§ TASK GOAL: The listing below contains a span that opens with the line containing "Courier service efficiency" and closes with the line containing "Are you looking". Return that span exactly.

§ DATA FOR THIS EXERCISE:
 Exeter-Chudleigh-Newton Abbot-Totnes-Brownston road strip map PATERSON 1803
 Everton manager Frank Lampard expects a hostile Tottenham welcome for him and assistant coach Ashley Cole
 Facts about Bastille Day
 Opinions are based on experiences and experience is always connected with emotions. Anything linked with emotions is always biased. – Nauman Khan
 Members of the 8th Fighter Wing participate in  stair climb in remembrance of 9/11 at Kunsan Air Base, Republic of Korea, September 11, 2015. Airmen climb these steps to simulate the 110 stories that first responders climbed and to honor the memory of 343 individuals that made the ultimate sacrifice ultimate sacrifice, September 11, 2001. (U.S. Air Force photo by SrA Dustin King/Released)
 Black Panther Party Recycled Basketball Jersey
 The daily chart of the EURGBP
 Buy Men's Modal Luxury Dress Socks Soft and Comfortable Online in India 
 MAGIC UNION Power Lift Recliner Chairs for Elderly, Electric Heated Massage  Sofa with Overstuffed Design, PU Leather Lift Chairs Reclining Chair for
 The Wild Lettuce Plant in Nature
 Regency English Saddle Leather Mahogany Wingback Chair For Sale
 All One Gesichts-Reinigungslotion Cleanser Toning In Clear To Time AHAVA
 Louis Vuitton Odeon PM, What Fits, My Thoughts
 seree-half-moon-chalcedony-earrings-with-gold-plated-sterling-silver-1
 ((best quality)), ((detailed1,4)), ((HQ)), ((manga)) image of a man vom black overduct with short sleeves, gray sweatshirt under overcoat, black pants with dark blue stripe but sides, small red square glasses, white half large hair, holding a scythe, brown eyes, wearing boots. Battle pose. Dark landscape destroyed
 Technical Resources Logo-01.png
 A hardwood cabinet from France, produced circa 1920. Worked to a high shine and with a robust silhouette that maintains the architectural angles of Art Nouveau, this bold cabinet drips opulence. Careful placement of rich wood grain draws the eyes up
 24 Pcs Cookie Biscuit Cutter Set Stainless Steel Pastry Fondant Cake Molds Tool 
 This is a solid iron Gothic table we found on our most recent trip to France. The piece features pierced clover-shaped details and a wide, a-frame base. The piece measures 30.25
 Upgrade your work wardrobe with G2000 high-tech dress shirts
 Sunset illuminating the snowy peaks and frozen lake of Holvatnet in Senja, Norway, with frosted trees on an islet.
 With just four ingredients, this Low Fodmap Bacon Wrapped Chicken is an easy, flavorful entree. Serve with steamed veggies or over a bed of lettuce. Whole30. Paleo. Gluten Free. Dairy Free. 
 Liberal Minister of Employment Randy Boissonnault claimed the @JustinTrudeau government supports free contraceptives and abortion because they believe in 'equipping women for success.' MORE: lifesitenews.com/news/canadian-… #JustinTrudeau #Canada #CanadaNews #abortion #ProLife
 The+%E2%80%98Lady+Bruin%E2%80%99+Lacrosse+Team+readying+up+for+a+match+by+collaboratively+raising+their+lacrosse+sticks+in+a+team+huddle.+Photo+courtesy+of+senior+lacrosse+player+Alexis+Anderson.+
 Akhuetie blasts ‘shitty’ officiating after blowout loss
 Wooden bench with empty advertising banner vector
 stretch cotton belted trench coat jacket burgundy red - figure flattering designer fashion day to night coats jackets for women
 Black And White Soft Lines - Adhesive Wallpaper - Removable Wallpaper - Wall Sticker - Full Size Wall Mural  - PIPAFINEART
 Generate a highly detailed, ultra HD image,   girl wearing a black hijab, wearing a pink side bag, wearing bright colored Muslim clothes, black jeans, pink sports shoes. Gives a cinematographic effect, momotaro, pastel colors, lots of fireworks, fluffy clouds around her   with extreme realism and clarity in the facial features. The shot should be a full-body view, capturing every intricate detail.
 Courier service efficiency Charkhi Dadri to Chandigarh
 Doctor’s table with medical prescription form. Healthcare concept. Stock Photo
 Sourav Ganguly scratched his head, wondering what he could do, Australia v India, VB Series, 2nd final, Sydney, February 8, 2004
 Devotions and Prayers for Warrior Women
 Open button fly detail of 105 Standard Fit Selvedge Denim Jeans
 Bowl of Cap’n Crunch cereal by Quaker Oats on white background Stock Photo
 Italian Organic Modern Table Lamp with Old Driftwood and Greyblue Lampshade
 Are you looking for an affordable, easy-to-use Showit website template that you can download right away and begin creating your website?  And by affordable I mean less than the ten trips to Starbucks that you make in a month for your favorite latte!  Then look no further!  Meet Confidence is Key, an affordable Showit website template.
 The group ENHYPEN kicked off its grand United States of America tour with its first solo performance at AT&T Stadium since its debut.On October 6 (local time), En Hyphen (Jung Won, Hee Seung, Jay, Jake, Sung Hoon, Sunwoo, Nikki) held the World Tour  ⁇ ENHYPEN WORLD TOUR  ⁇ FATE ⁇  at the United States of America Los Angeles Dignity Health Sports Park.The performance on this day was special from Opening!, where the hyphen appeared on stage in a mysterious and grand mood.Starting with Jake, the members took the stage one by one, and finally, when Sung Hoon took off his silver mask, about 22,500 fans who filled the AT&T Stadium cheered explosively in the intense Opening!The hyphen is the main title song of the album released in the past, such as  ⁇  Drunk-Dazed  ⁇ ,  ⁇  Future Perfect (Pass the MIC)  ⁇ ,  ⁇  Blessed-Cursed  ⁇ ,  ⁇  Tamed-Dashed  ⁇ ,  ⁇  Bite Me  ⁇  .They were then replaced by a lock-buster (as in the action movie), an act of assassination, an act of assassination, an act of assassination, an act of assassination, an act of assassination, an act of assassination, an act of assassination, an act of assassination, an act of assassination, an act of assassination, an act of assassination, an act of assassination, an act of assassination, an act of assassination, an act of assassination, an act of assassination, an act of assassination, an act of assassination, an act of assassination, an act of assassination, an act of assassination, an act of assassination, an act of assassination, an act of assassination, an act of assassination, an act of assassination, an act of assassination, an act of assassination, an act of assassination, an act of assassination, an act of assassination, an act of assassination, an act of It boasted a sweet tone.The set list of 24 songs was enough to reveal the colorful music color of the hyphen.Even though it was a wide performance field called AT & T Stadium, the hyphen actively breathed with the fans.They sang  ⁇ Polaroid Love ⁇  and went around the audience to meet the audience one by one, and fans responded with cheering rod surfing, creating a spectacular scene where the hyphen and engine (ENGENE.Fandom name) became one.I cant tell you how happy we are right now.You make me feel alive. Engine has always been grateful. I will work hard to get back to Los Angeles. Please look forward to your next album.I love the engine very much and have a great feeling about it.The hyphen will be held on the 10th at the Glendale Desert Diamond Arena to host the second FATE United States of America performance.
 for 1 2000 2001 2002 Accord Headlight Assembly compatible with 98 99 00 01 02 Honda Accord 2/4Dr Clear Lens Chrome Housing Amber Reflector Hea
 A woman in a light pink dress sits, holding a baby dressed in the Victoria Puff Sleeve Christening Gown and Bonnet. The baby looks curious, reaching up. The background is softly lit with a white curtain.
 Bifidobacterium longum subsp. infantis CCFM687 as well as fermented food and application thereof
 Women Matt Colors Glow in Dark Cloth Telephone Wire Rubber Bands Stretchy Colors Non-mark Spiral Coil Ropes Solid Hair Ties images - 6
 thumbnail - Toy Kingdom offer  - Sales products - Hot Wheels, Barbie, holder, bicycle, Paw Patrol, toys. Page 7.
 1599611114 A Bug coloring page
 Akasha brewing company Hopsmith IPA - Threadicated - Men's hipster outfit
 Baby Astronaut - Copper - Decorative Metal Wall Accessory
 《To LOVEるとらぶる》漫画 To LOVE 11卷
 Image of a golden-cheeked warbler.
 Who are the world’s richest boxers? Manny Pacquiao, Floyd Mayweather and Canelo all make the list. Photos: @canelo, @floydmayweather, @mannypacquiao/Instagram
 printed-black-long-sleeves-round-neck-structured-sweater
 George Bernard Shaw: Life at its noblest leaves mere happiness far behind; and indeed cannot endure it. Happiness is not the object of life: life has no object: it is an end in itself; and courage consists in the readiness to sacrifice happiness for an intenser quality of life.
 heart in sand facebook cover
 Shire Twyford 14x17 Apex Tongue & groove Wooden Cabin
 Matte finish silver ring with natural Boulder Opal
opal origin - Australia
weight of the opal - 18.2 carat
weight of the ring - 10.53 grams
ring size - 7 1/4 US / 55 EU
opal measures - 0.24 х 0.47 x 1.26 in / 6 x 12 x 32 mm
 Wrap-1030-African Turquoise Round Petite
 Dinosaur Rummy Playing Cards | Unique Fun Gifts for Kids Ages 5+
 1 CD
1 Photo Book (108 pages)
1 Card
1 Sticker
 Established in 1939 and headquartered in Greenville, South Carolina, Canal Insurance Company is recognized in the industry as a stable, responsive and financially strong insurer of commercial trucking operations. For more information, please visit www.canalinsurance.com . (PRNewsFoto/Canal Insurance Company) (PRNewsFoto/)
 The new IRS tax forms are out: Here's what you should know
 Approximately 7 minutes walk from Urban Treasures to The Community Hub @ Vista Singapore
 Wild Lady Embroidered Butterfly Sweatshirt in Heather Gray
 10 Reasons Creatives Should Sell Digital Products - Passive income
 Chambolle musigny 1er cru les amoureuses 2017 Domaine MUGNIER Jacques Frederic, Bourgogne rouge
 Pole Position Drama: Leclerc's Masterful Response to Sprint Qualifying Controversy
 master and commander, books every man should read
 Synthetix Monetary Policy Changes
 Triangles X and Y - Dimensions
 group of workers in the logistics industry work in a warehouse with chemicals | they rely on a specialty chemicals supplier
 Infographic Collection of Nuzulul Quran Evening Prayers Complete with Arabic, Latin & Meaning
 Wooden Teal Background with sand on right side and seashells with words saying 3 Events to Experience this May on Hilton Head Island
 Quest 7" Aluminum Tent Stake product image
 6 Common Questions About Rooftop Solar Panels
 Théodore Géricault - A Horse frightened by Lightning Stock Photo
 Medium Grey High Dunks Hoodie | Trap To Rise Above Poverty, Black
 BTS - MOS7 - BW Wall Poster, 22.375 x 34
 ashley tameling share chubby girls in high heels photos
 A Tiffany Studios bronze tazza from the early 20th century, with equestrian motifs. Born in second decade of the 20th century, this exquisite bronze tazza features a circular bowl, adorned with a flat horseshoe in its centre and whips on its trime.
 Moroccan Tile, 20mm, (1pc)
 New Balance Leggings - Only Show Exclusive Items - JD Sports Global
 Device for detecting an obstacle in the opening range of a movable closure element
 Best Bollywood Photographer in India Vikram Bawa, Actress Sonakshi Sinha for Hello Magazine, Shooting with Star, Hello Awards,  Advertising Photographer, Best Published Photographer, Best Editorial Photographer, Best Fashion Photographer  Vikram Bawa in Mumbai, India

§ RESULT:
 Courier service efficiency Charkhi Dadri to Chandigarh
 Doctor’s table with medical prescription form. Healthcare concept. Stock Photo
 Sourav Ganguly scratched his head, wondering what he could do, Australia v India, VB Series, 2nd final, Sydney, February 8, 2004
 Devotions and Prayers for Warrior Women
 Open button fly detail of 105 Standard Fit Selvedge Denim Jeans
 Bowl of Cap’n Crunch cereal by Quaker Oats on white background Stock Photo
 Italian Organic Modern Table Lamp with Old Driftwood and Greyblue Lampshade
 Are you looking for an affordable, easy-to-use Showit website template that you can download right away and begin creating your website?  And by affordable I mean less than the ten trips to Starbucks that you make in a month for your favorite latte!  Then look no further!  Meet Confidence is Key, an affordable Showit website template.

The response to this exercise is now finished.